Art. 5° Deverá ser observada a distância horizontal mínima de 10% (dez por cento) da altura total da torre, incluindo para-raios, nunca inferior a 4,00 (quatro) metros, entre a projeção horizontal da torre e qualquer edificação existente no mesmo terreno ou suas divisas, sem prejuízo do disposto no caput do artigo anterior.

§ 1º As instalações pré-existentes de sistemas transmissores não estarão sujeitas ao caput deste artigo, desde que anteriormente autorizadas.

§ 2º A separação entre a instalação do sistema transmissor e a edificação obrigatória, devendo ser efetuada por meio de alambrados, muros ou similares, garantindo o acesso independente aos mesmos.

Art. 6º A instalação de sistemas transmissores deverá observar os gabaritos e restrições estabelecidos pelos planos de proteção de aeródromos definidos pela União para os imóveis tombados e suas áreas envoltórias, bem como as demais limitações administrativas pertinentes.

Parágrafo único. Não será permitida a instalação de sistemas transmissores em bens públicos municipais de uso comum do povo e de uso especial, exceto quando da prestação de serviços ao município e respectivos órgãos e/ou entidades assemelhadas, ou destes para os munícipes, ficando sujeitos no que couber, ao que determina esta lei.

Art. 7º As empresas operadoras deverão instalar seus equipamentos em estruturas existentes, ressalvadas as impossibilidades, procurando sempre integrá-las à paisagem existente.

Art. 8º A instalação de sistemas transmissores descritos na presente lei será executada apenas quando for precedida de Estudo de Impacto de Vizinhança.

Parágrafo único. A cada 06 (seis) meses da data do Alvará de Construção será obrigatória a apresentação, pela empresa operadora, de relatório técnico (com A.R.T. do CREA) comprobatório de:

a) manutenção preventiva das estruturas, de energia elétrica e do sistema de combate a incêndio;

b) sistema de climatização das instalações térreas;

c) laudo técnico de verticalidade da torre;

d) laudo técnico radiométrico de emissão de radiações.
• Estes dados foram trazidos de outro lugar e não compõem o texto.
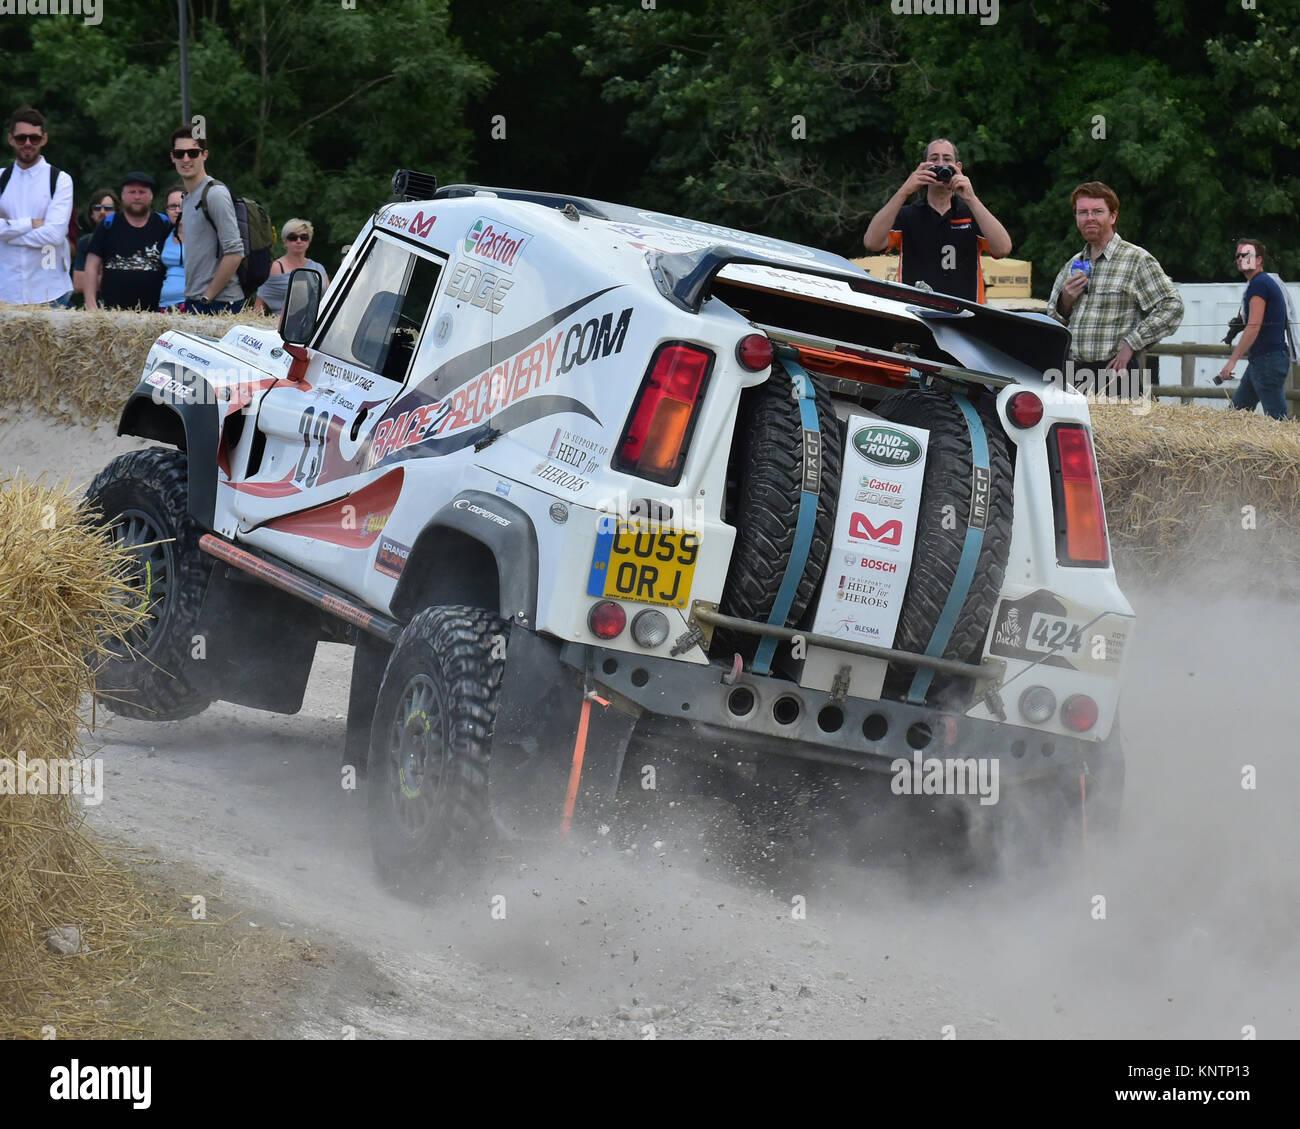 Ben Gott, Anthony Harris, QT Wildcat, CU 59 ORJ, Goodwood Festival of Speed, 2014, 2014, Anthony Harris, Autosport, - Stock Image

Art. 9º Deverá ser mantida, no imóvel onde estiver instalado o sistema transmissor, em local que permita leitura natural a partir da rua, placa de identificação da antena e da torre de sustentação, com as seguintes informações: nome da operadora, com seu endereço e telefone, nome do responsável técnico e os números do Alvará de Construção, concedido pela Prefeitura Municipal.

Art. 10. Os parâmetros e exigências estabelecidos nesta lei para a instalação de antenas transmissoras não prejudicam a validade de outros eventualmente estabelecidos na legislação de uso e ocupação do solo e em outras leis que possam aplicar-se a essas instalações.

Art. 11. Será de responsabilidade da Secretaria Municipal de Obras e Habitação fiscalizar o cumprimento do disposto nesta lei.

Art. 12. Esta lei será regulamentada por Decreto do Poder Executivo, no que couber, no prazo de 60 (sessenta) dias .

Art. 13. Esta lei entrará em vigor na data de sua publicação, revogadas as disposições em contrário.

Paço Municipal “Dr. Tancredo de Almeida Neves”, 24 de agosto de 2011.

NASSER MARÃO FILHO

Prefeito Municipal

Publicada e registrada na Divisão de Expediente Administrativo e Legislativo da Prefeitura Municipal, data supra.